Because word boundaries aren't marked, you need word segmentation, which
requires understanding in lots of cases. (Can't tell where a word ends and the
next one begins if you don't know what they mean.)

Many words have a literal meaning and a metaphorical one (e.g. 纠结 can mean
both "tangled" and "confused").

Different synonyms being used for the same concept are common as well,
especially when you contrast formal vs. informal writing.
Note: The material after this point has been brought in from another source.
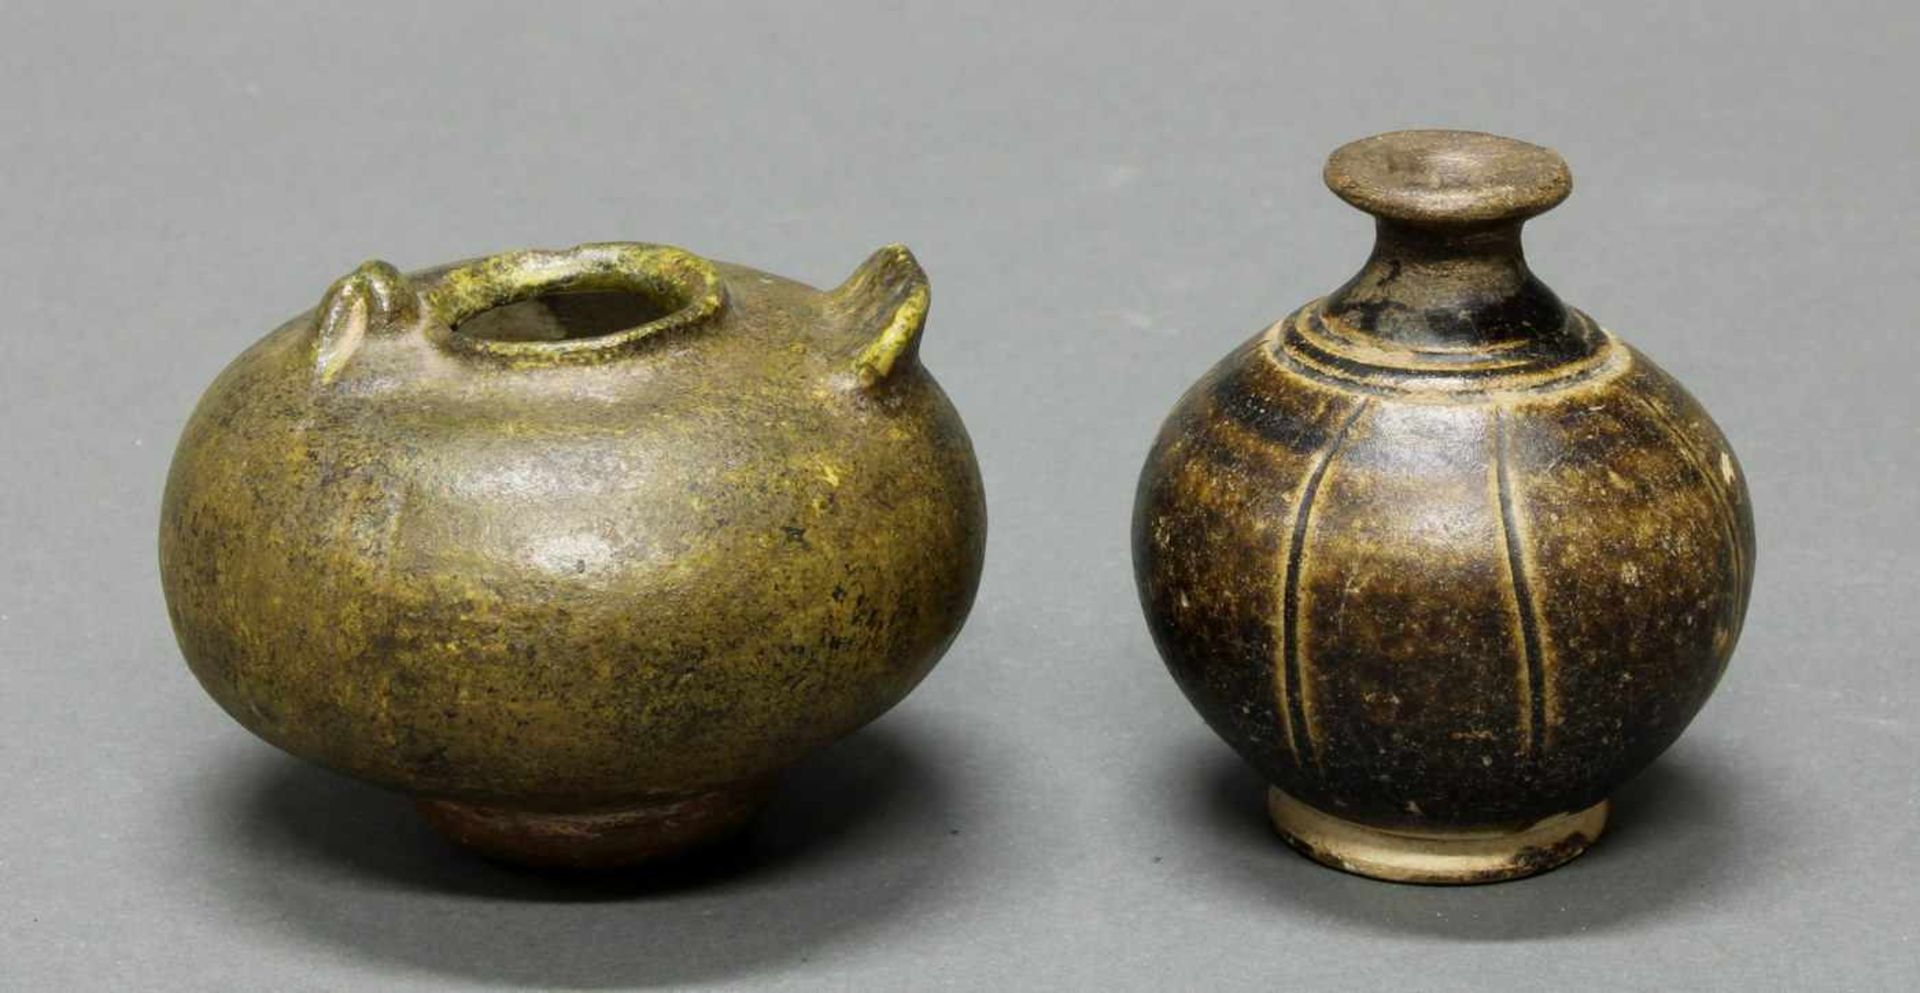 2 Vasen, Khmer, 15./16. Jh., Keramik, braun glasiert, 1x Vogelform, 1x Ritzdekor, 7-8 cm hoch- - -

Misspellings can happen too, where a character is substituted with a similar
character that has the same pronunciation. Sometimes completely different
characters are used as a kind of pun.

Grepping is less likely to yield false positives (unless you're looking for a
single-character word that can appear in compounds), but there is no easy way
to do fuzzy matching to account for misspelled words.

------
thisisit
Hi Anu,

Most probably this might not get a reply but I still wanted to know about this
statement - "During the 2016 Olympics, a Toutiao bot wrote original news
coverage, publishing stories on major events more quickly than traditional
media outlets. The bot-written articles enjoyed read rates (# of reads and #
of impressions) in line with those produced at a slower speed and higher cost
by human writers on average."

1\. What does writing original news coverage entail? Did the bot put together
couple of news source to create an article or do you mean it transcribed the
news from the live video feed as it happened?

2\. How much of the bot feed works due to high declension? [1]. Because
normally bot structure and output tend to make less sense as the sentence
structure comes out all wrong.

[1]
[https://en.wikipedia.org/wiki/Declension](https://en.wikipedia.org/wiki/Declension)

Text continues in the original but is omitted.